The moment that everything changed the first time has an innocent memory attached to it. I had just come home from school. It was one of the last days of 7th grade, and I made a beeline for the kitchen the way I always did. Dad intercepted me, coming up out of the basement to ask how my day was. We talked idly for a moment, and I made some kind of joke about the move we'd been worrying about for so long. Dad laughed, and then he looked me in the eye. "You do know we're moving, right? It's final. They want us there by August." I nodded and shrugged it off, raiding the pantry rather than considering the implications of what he had just said. I wonder what my dad expected me to do, if I surprised him by taking it so well. But when you're 12, the phrase long-term impact is a foreign one.

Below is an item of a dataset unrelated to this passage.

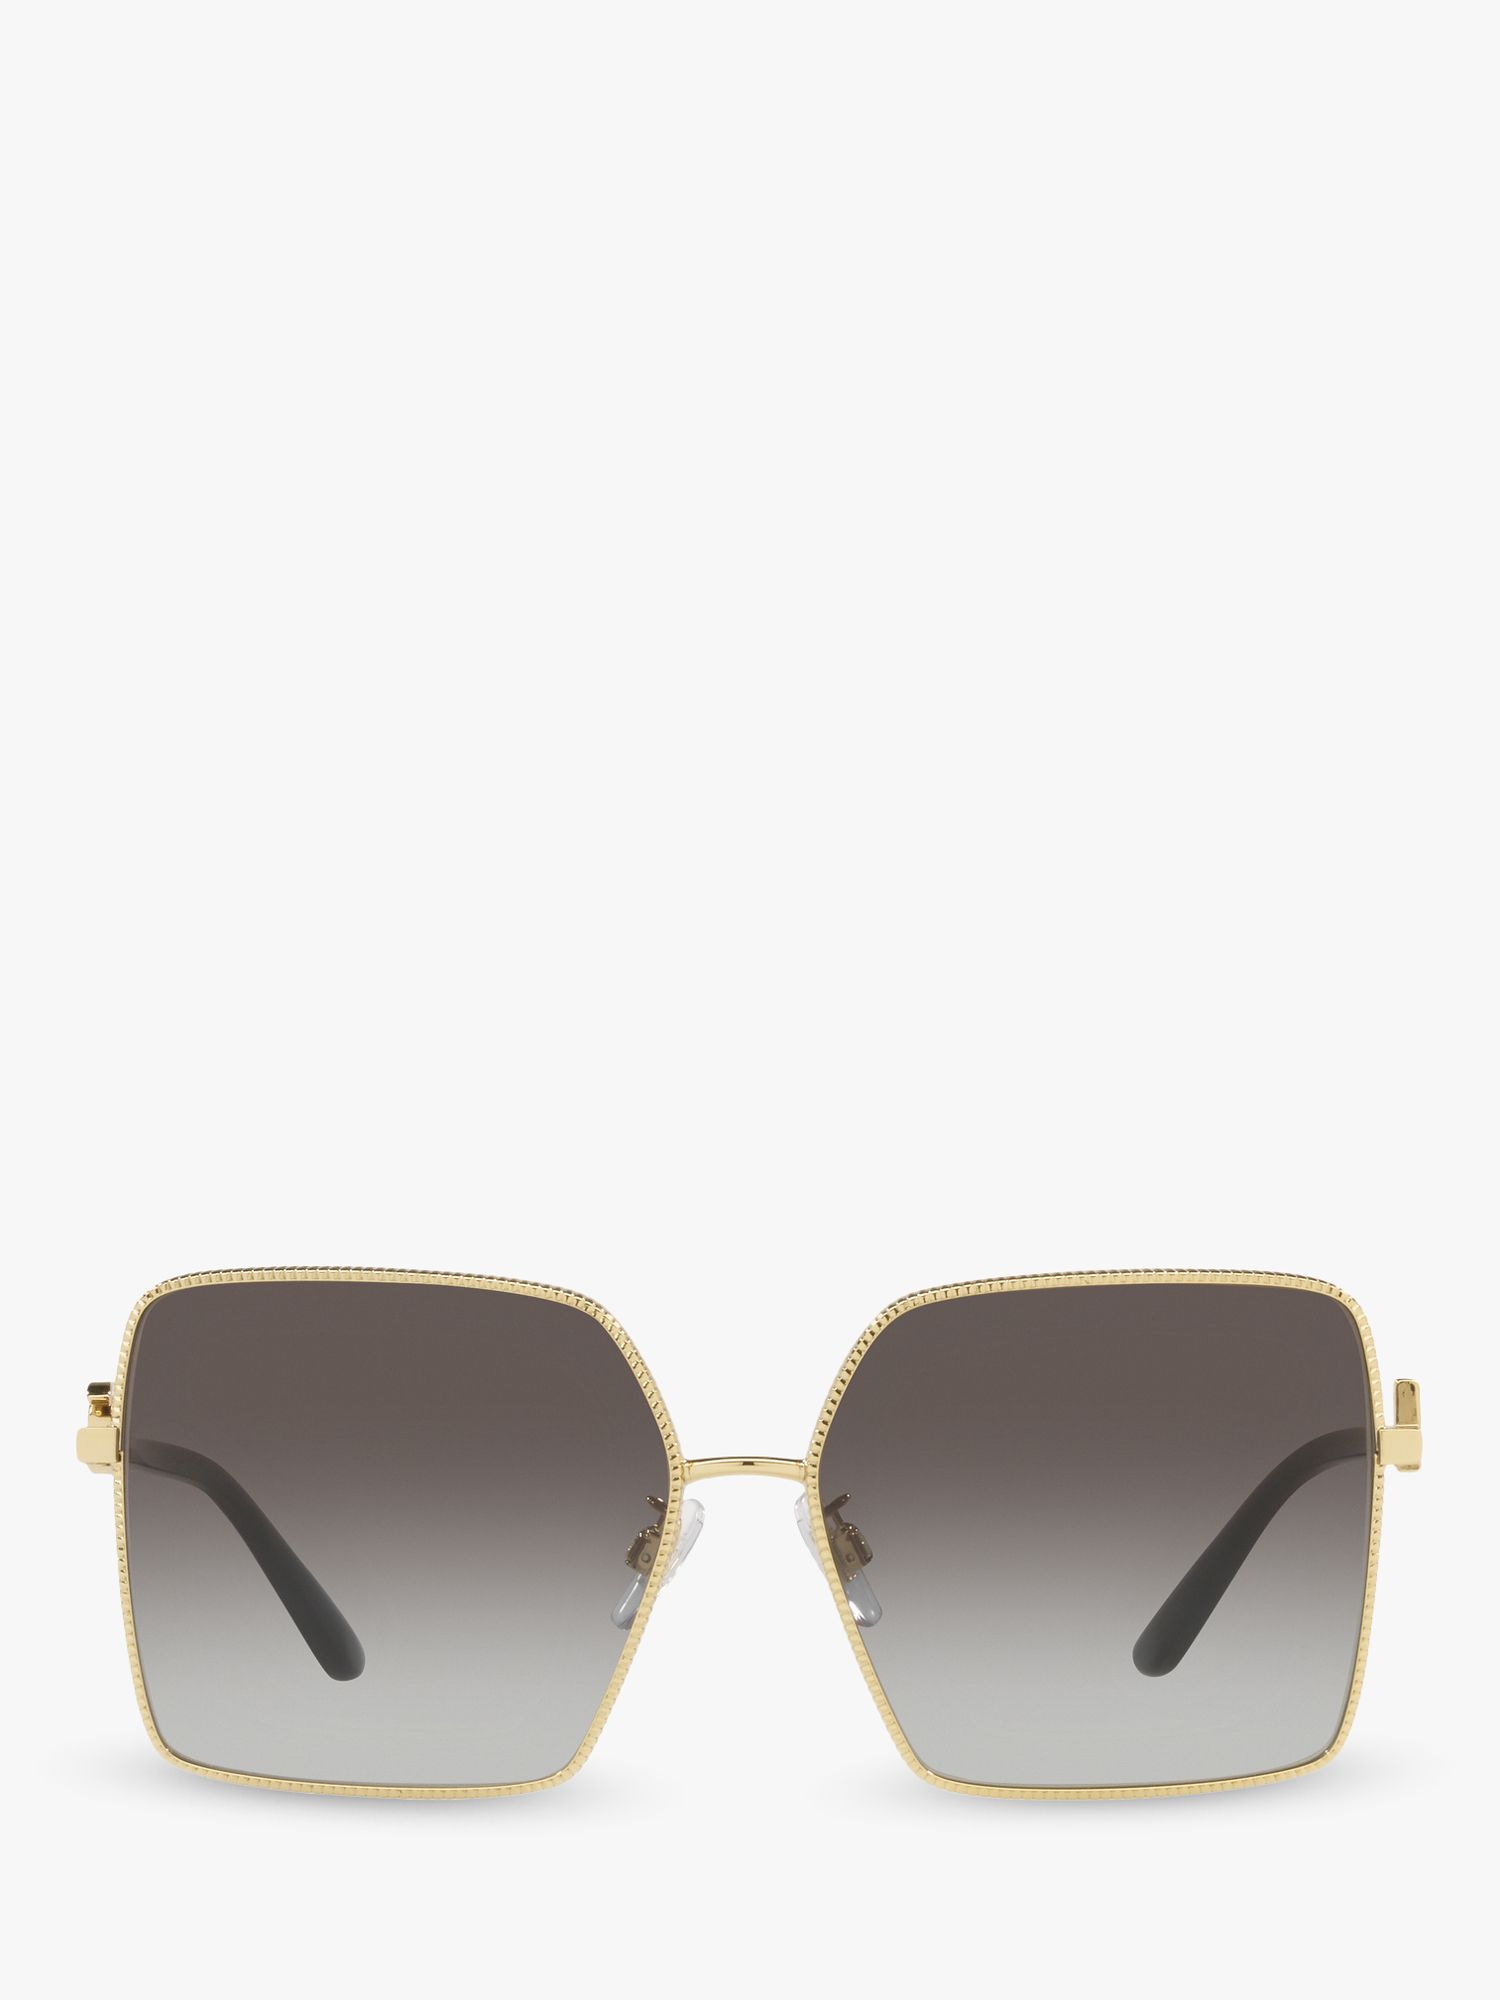 Dolce & Gabbana DG227902 Women's Square Sunglasses, Gold/Grey
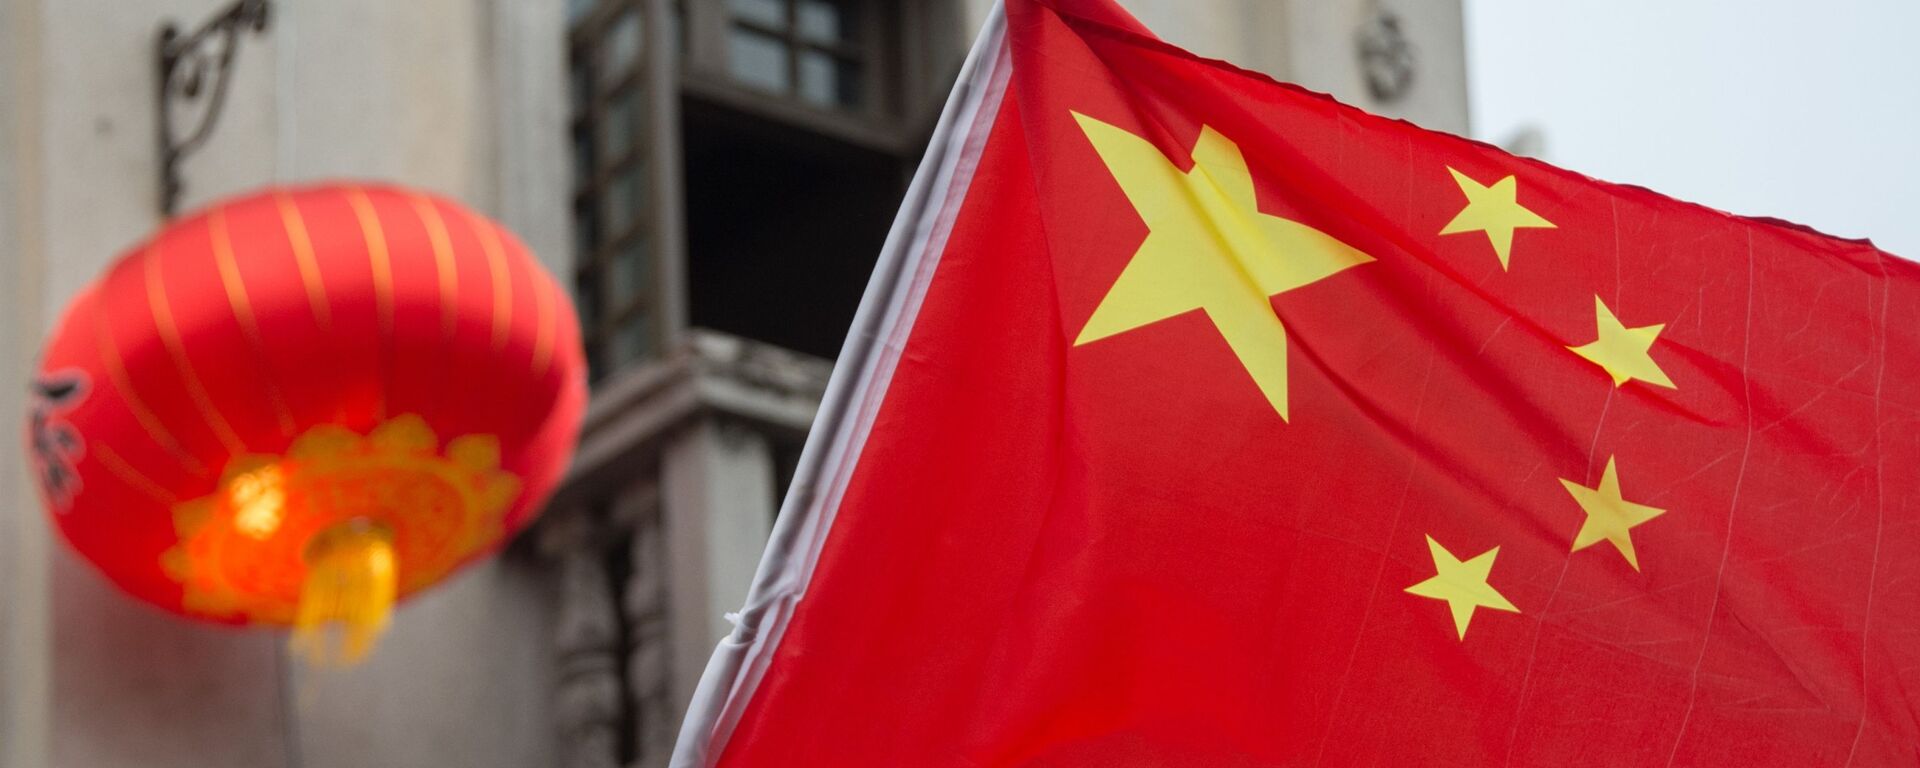 La bandera de China - Sputnik Mundo, 1920, 10.06.2021

The goodbye--that one is still vivid. All four of my best friends showed up, even the one I wasn't sure would come. We all congregated in my driveway, laughing nervously and making small talk about meaningless things. The white SUV loomed behind us, crammed to bursting with suitcases, snacks, and entertainment. My mom was already crying but trying to laugh it off with her own friends while my brothers were in the car, whining about wanting to get a move on.

What sticks out most in that memory is the gap. The four of us--Kendall, Sam (there was only one m then), Maggie, and I--formed up one last time in a row for the final photo op, all of us smiling boldly, the picture of youthful friendship. And then I was walking to the car and getting in, but the other three still stood there, a hole in the middle where I should have been.

That hole has changed since then. My friend summed it up best: When I left, it was like I left a round hole. But since then, the hole has turned to a square, only I'm still a round peg. Yeah, I fit in some ways, but in the end, you can't fully get over so much time apart.

And since then, I've made new memories. So many that I don't know where to start. I can't imagine how it will be when I'm 80, what kind of state I'll be in then. Maybe that's why God graces us with forgetfulness by then, just so we can stay sane.

I think I'll be ready for that twisted sanity.